The cross-lingual modelling approach demonstrated real-world applicability. Bilingual instruction tuning, combined with retrieval and knowledge graphs, empowered the model to navigate clinical texts in another language–even with minimal supervision. Notably, Qwen3-8B and DeepSeek-LLM-7B both surpassed 85 macro-F1 on ICD-10 coding after Graph-RAG, confirming that cross-lingual gains are architecture-agnostic. This adaptability can address challenges faced by rural or underserved regions where linguistic diversity often limits access to advanced clinical technologies. Adding a modest number of domain-specific glossaries or synthetic training examples may further enhance performance on rare or compound medical terminology.

Qualitative analyses revealed model limitations. On NER tasks, confusion between biomarkers such as EGFR and HER2 highlighted the need for more robust contextual disambiguation. Graph-based reasoning mitigated these issues in part by linking terms to authoritative definitions, yet uncommon or rare entities continued to pose challenges. Similarly, for TNM staging extraction, the model excelled with standard terminology but struggled with vague or non-standard formulations. Retrieval partially addressed these gaps by surfacing canonical TNM definitions, while graph integration provided structured connections between terms and staging guidelines. However, cases where clinical texts themselves lacked clarity remained problematic, underscoring the dependence of NLP systems on the quality of source data.

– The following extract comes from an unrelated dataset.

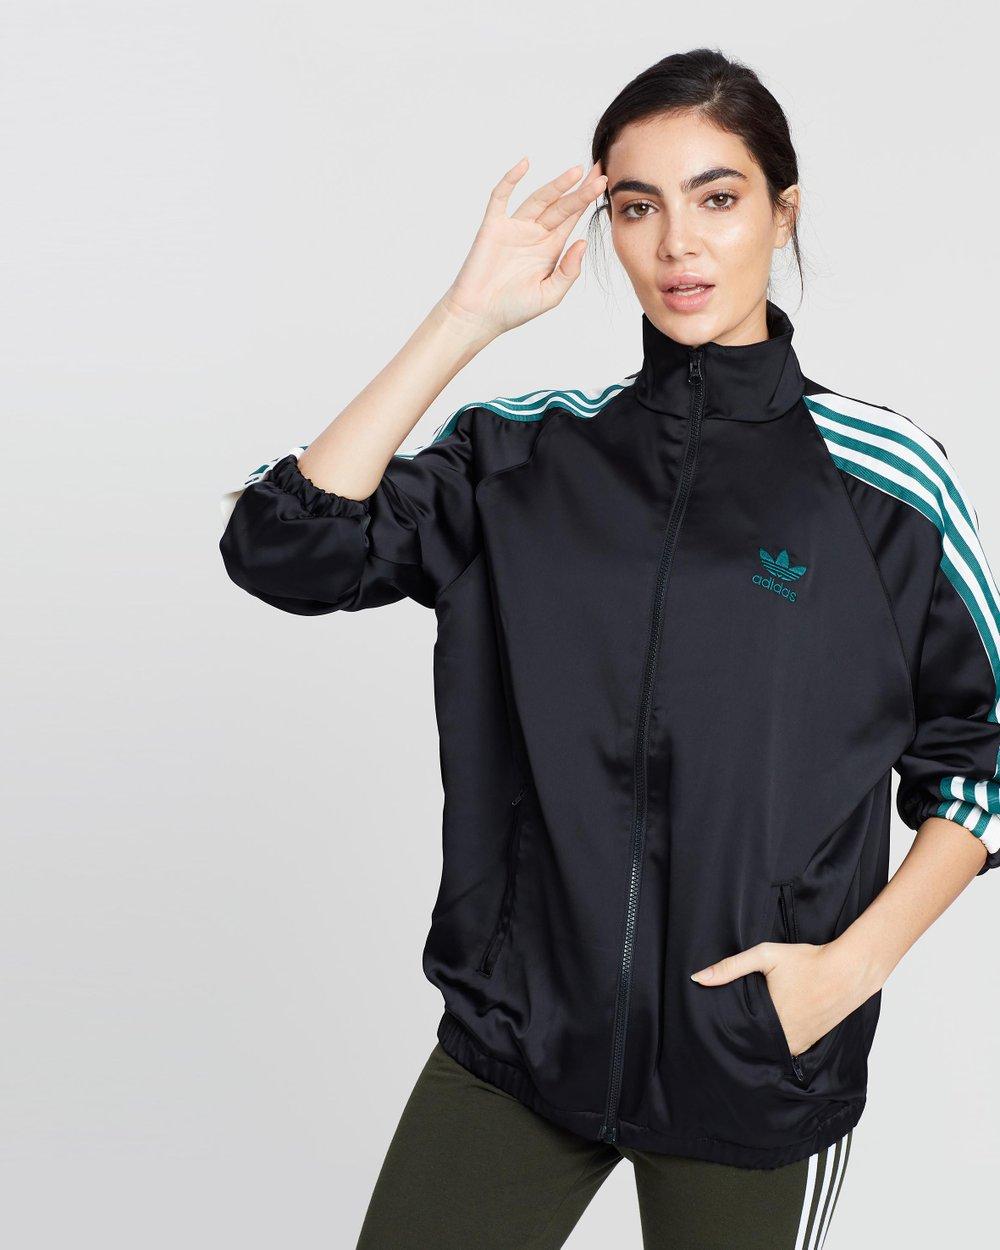 838368c818e8c Adibreak Satin Track Top - Women's by adidas Originals Online | THE ICONIC  | Australia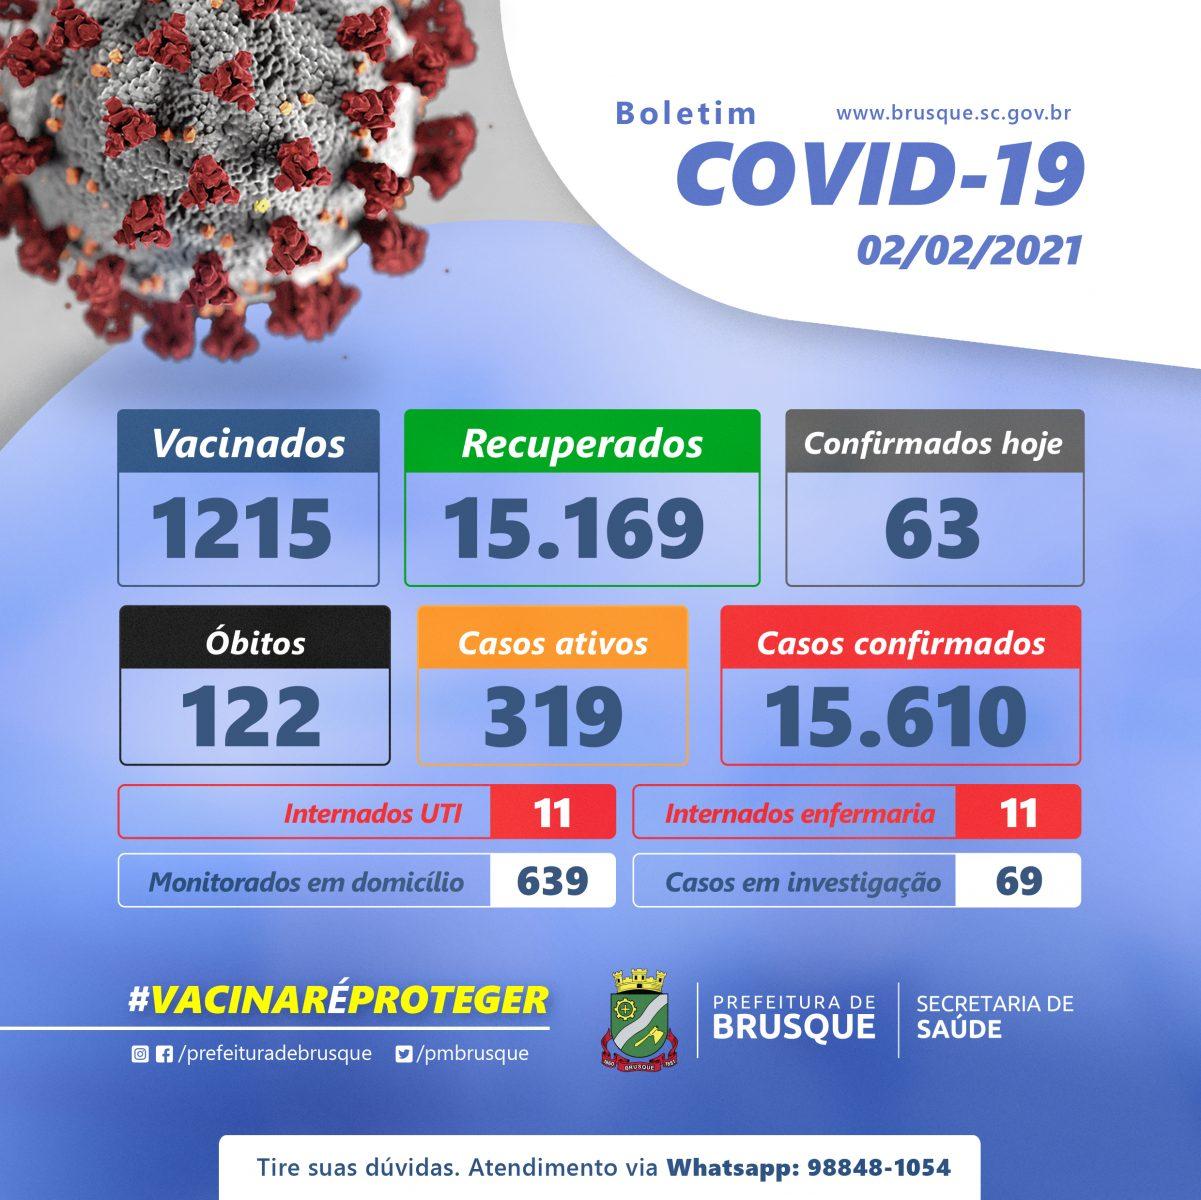 Covid-19: Confira o boletim epidemiológico desta terça-feira (2)

Cross-lingual coding introduced unique challenges. While minimal German instructions helped the model perform ICD-10 coding and SNOMED classification tasks, the model occasionally failed with long compound German words or uncommon clinical expressions. Further refining multilingual embeddings and leveraging Qwen’s larger vocabulary coverage may alleviate these errors, especially when handling specialised oncology terminology.

A deeper look at the model’s performance on the MSK-IMPACT dataset revealed its ability to correctly match common mutations, such as EGFR, to appropriate therapies. However, the model struggled with rare genetic variants due to sparse retrieval references. In such cases, indirect reasoning and inference from related mutations proved insufficient. Future work could address this limitation by integrating curated genomic knowledge bases or using generative retrieval strategies to synthesise knowledge from related contexts.

Future directions could refine these methods further. Expanding multimodal capabilities by integrating text-based NLP with imaging data–such as radiology scans or histopathology images–could create a more comprehensive oncology assistant. Generative retrieval strategies and graph embedding techniques may raise the performance ceiling by improving the depth and scope of retrieved knowledge. Extending cross-lingual integration to low-resource languages could address global disparities in healthcare technology access. Testing the framework in clinical trials with real-world practitioners will provide critical insights into its usability, reliability, and impact on decision-making.